Can't be held responsible. The parent posted it.
I doubt that will ever be a problem.
The problem with certain blogging situations is the echo chamber effect. That in combination with ideology gone feral -- who am I kidding? Ideology is nearly always feral -- and you have a recipe for disaster for the kid.
Everything gets stuck to the kid's disability. Is he sick? Nah, probably just faking it because disabled people want to get away with stuff. Having trouble at school? Probably just disabled and not conforming enough.
I'd think a blog situation with the echo chamber of fellow chanting ideologues would be in some ways way worse than the 70s. Just a weigh-in from your friendly neighborhood rogue.
I believe having a meltdown or other similarly embarrassing stuff on the internet could indeed have very real and dire consequences later on down the line if that person is looking for employment. And you can't even chalk it up to adolescent stupidity, or immaturity, or what have you, because the kid had no choice in the matter. Essentially, the parents are making sure their kid has a much harder time finding success and happiness. As if having a disability doesn't usually make this more difficult as it is!

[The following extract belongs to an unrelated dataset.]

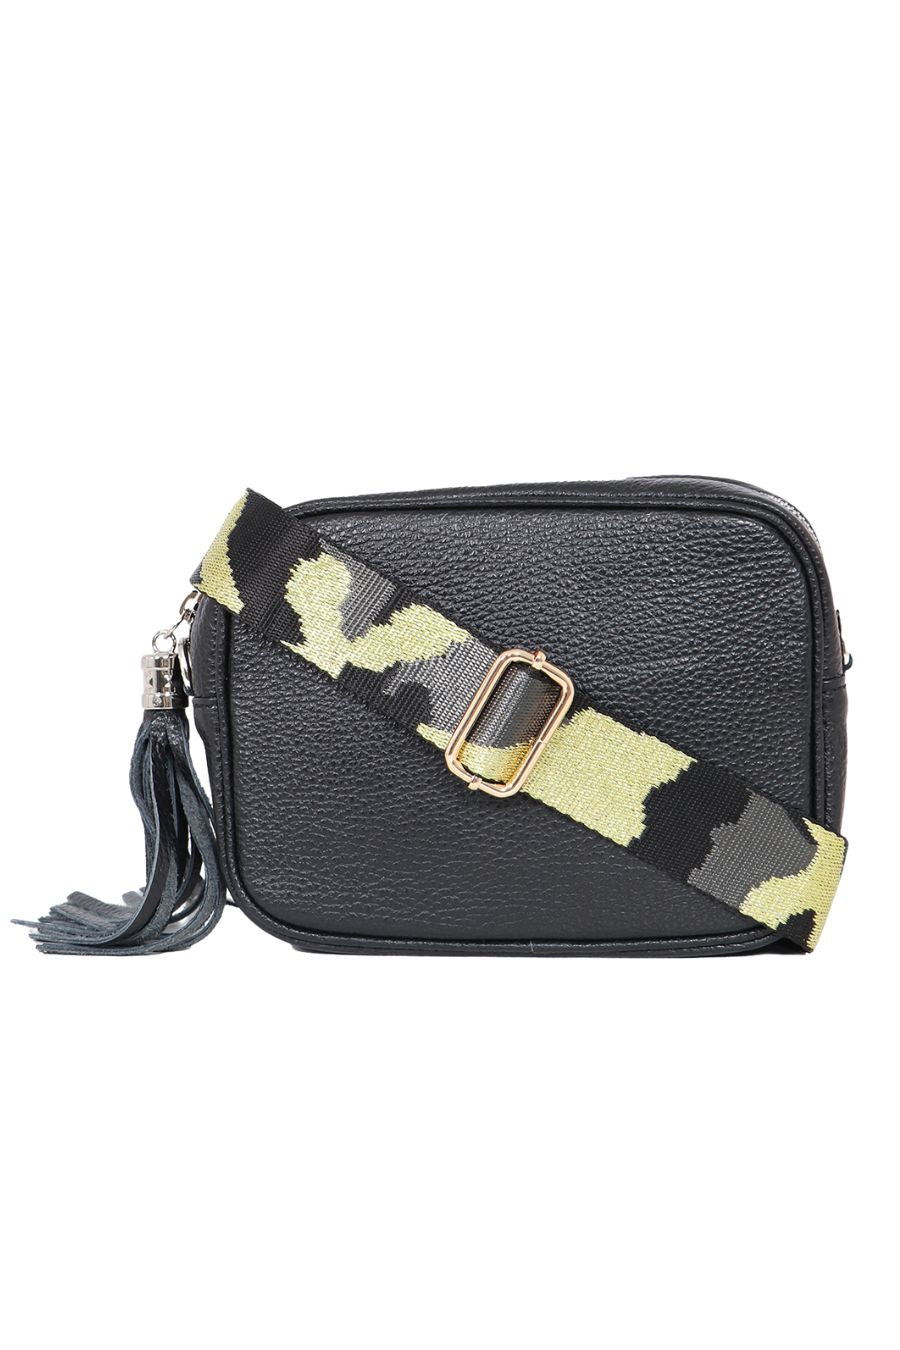 Khaki Glitter Narrow Camouflage Bag Strap (Coded 4149KH)

From everything I've read over the past 5 years or so, employers are looking for anything and everything that they can use against potential applicants. Some have even gone so far as demanding potential employees' social media passwords, so that they can pry and see what's going on in the more private sections of the person's account. Well, that, and I would hope that the vast majority of people know that, nowadays, having too much information available publicly is practically hanging yourself before you ever go to an interview.